The first weekend of college football certainly had its share of, um, memorable looks (well, unless you've already blotted them out by doing a clean install of your brain). Here are some of the highlights -- or lowlights, depending on your point of view:
• Oklahoma State goes ashen: For reasons that aren't entirely clear, gray is a "hot" color in design circles at the moment. This is fine if you're wearing, say, a gray cashmere sweater or a gray flannel suit. Not so great if you're wearing a gray football jersey. Of course, "gray" is too simple a color name, so let's call it "cigarette ash," or maybe just "dirt." By any name, it's a pretty weird choice for the season-opening game, right? It's like saying to your fans, "Hi -- blahh." The good news: The Cowboys have several other jerseys to choose from. The bad news: They also have gray pants and a gray helmet waiting in the wings.

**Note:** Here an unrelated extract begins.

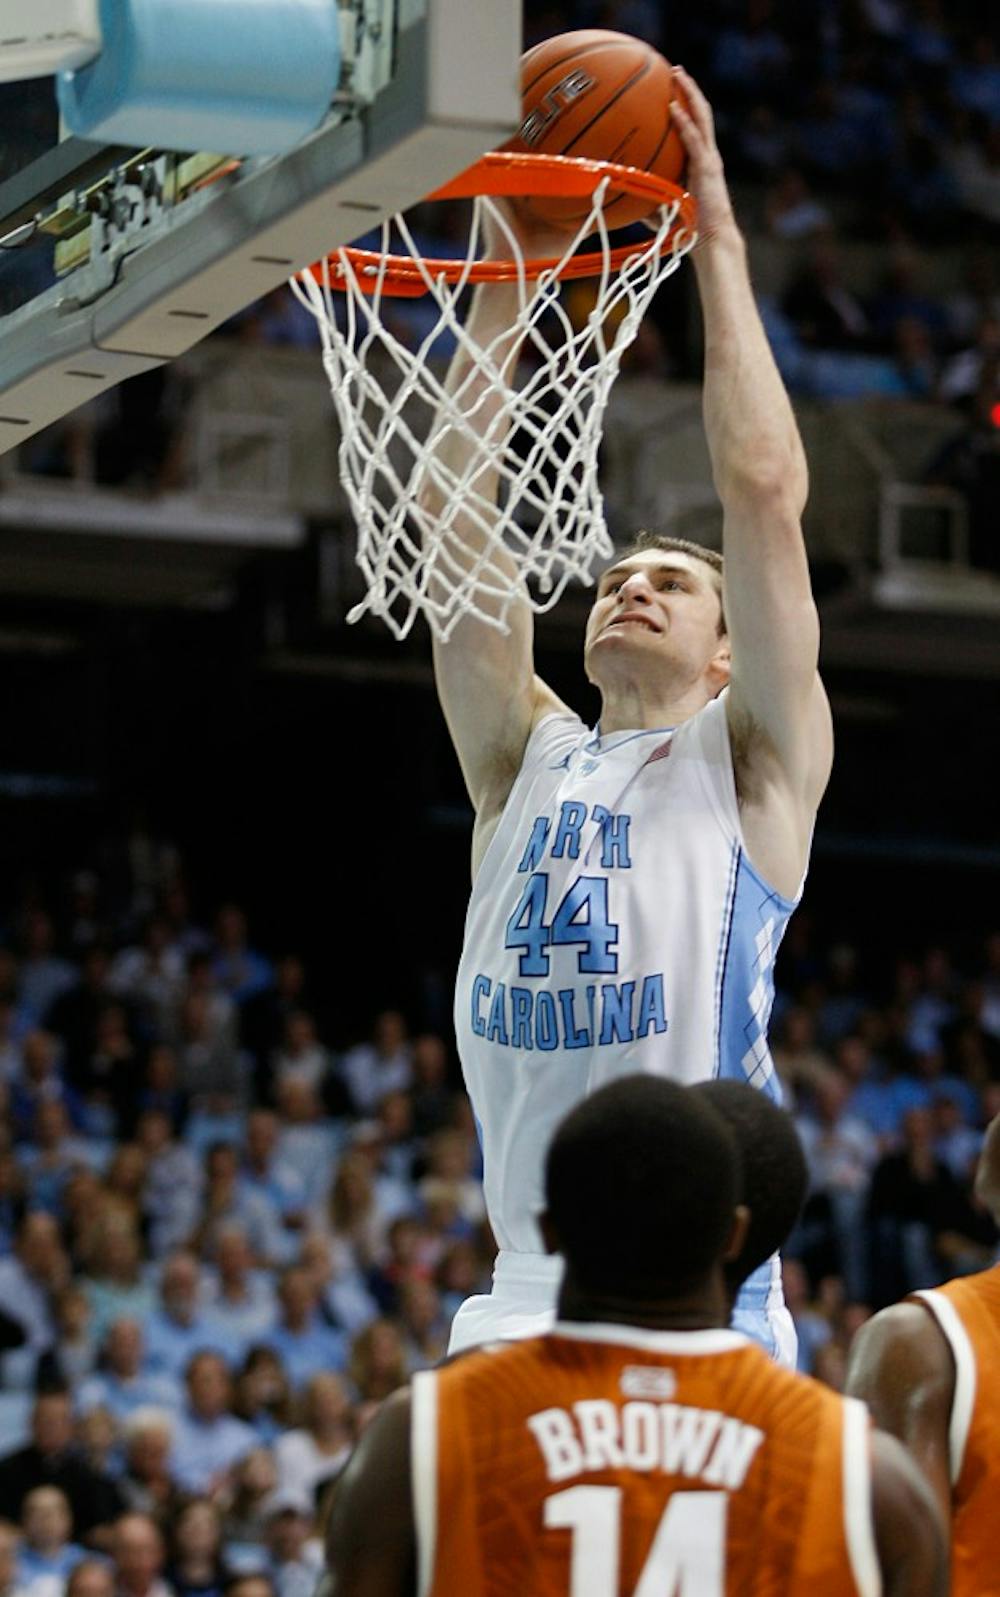 UNC forward Tyler Zeller dunks the ball during the game Wednesday at the Dean E. Smith Center. Zeller had 8 points and 2 blocks in the Tar Heels 82-63 win over Texas.
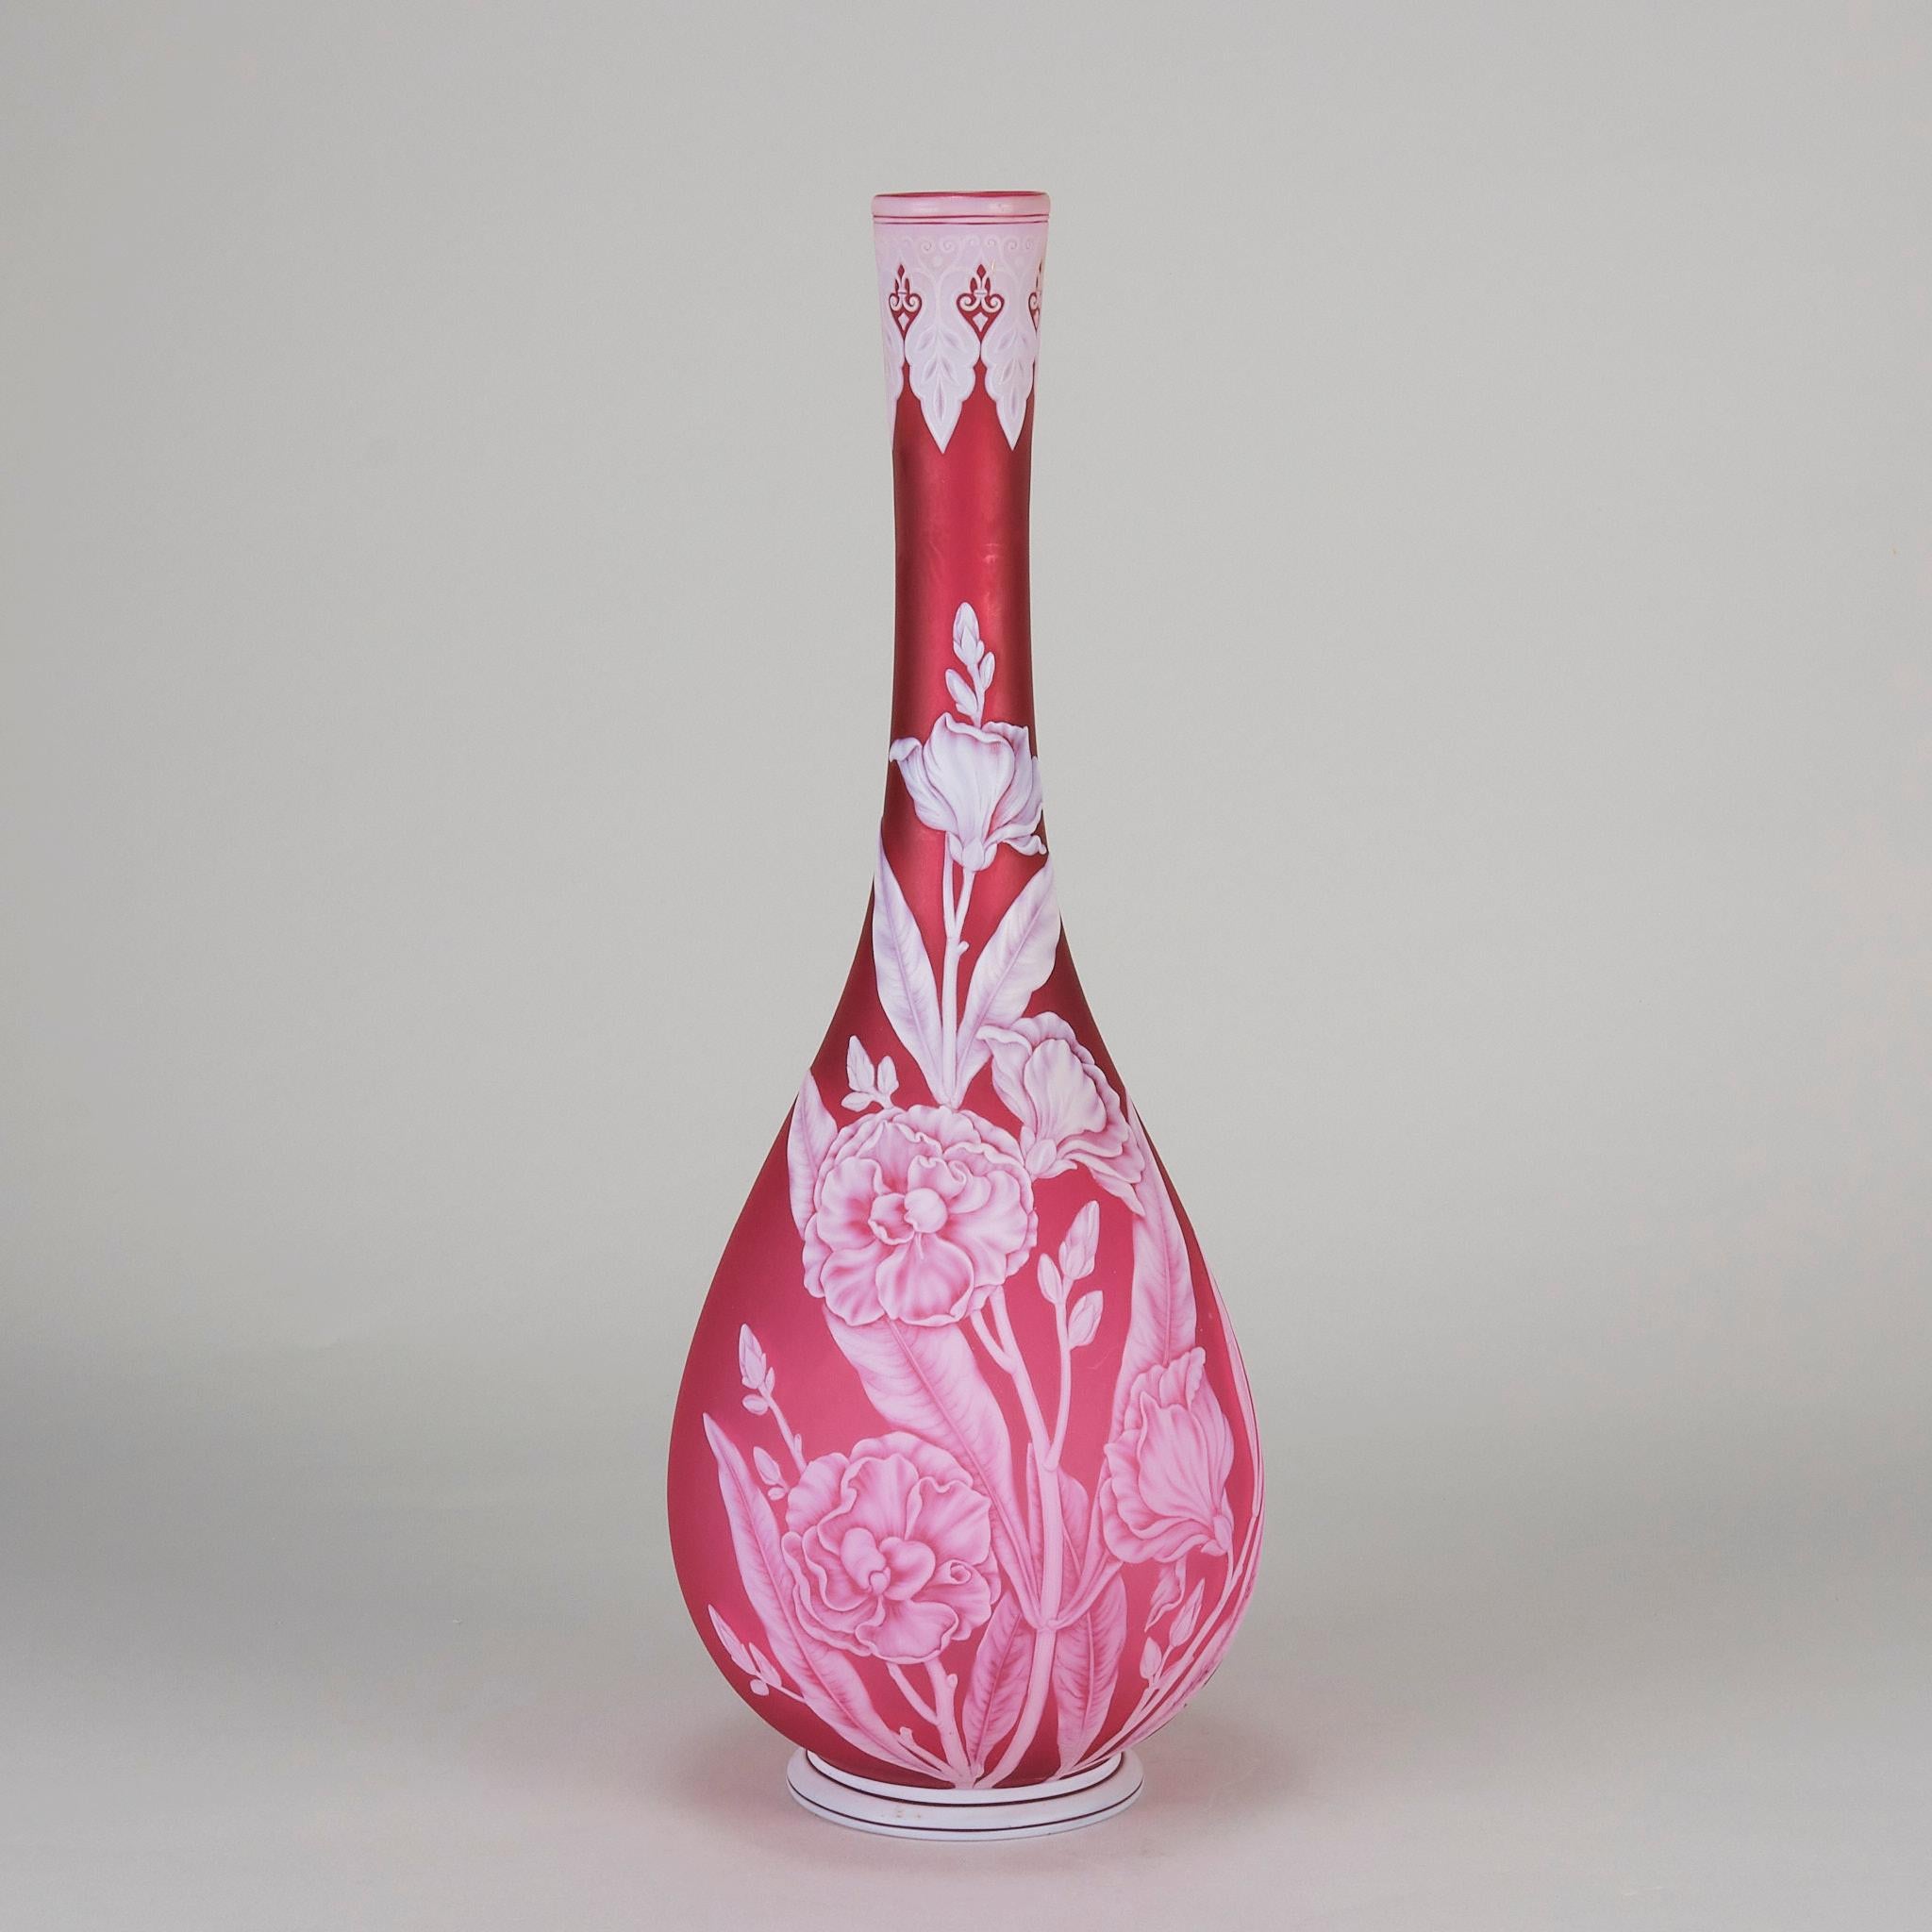 A dramatic late 19th Century red decorative glass vase with white cameo casing cut through with a beautiful landscape of blossoming Oleander flowers and a flying butterfly. Signed to base Oleander representing the series of plant and flower vase

• UGA goes Ocean Spray: In theory, a two-tone facemask sounds like a cool idea; in practice, it makes you look like someone gave you a bloody lip. OK, so it probably wasn't even a good idea in theory, but it was probably better than the rest of Georgia's
uniform costume on Saturday. The good news: This was a one-off design that won't be worn again this season. The bad news: Since UGA lost, someone at Nike is probably saying, "The uniforms weren't crazy enough. We'll come up with something even crazier for them next year!"
• Maryland goes bonkers: In case you were under a very large rock last night, the Terps were in court jester mode. For some reason I kept thinking the players looked like living chess pieces. Like, was the play call in the huddle, "Knight to king's bishop four" or something? The good news: No team can possibly go further around the bend than this. The bad news: Sure they can.